In the first picture we can see a ceramic sculpture by the artist Trisha Baga from her series “Hypothetical Artifacts” (2015–2020). Within the series, everyday objects are rendered as imprecise, messy fossiles. Looking at the object of the microscope this seems especially unsettling. Tools that we know as precise, standardised and to be “revealing the truth” of nature are depicted as handcrafted and wobbly. For me, the shiny glaze, usually reserved for art or craft projects like mugs, points to me to the charisma and “aura” and emotions that surrounds certain technologies. I have chosen the microscope, as this is still something many people think of when they think of law enforcement. The question now is what Trisha Baga might depict when she would be asked to make a sculpture of modern day IT-Forensics, possibly based on machine learning applications.
The picture is rather old and not very sharp, to see their work better I recommend googling “Trisha Baga Hypocritical Artifacts”
The second picture is a depiction of how the artist Stefanie Wuschitz imagines a feminist & anti-racist AI. I am especially drawn to the loose ends, the patches and angular connections and how unrefined and bulky the “input”-tools look like compared to the fine mesh of the “inner workings”. The AI looks particularly peaceful and happy, yet some of the parts might work well as weapons. The long fingernails give the impression of something organic and human, something that is growing, while their hair looks rather mechanic.
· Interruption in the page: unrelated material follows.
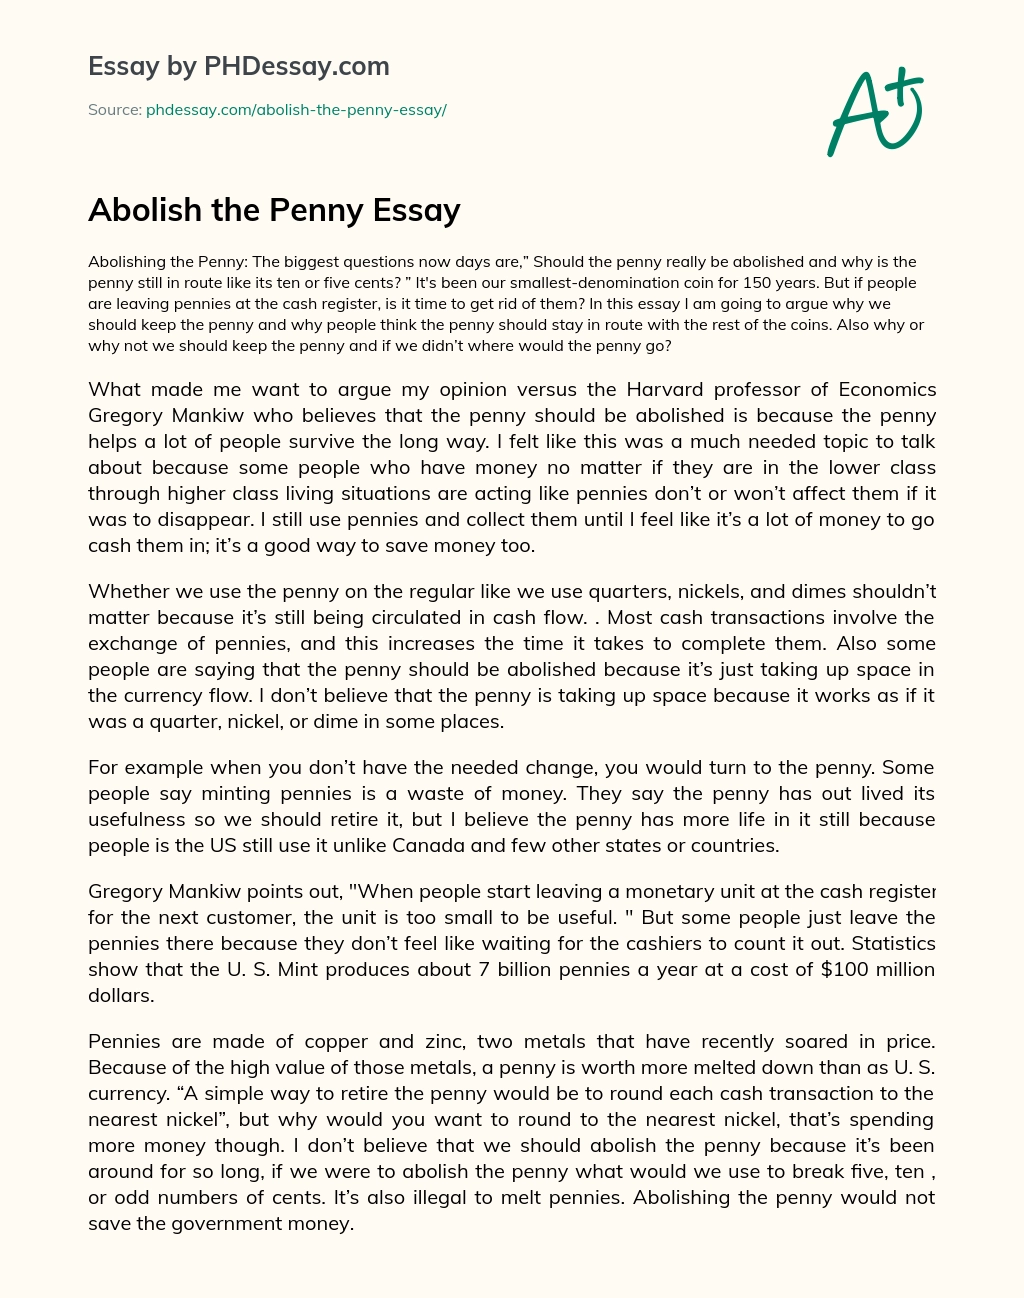 Abolish the Penny Essay essay

I stumbled upon the last picture when searching for “scarcity + Machine Learning”. It is a nice derivation of the usual ones and zeros, decision trees and cold blue nodes, gearwheels, and light bulbs that are used when depicting ML. It also points to a part that I am really interested in: Skills, embodied and tacit knowledge and gut feelings within both spheres of ML and law enforcement (and/or the scarcity of them). For me, it also depicts what can happen when the two domains meet; processes of negotiating standardization, valuation, and classification of things like gut feelings.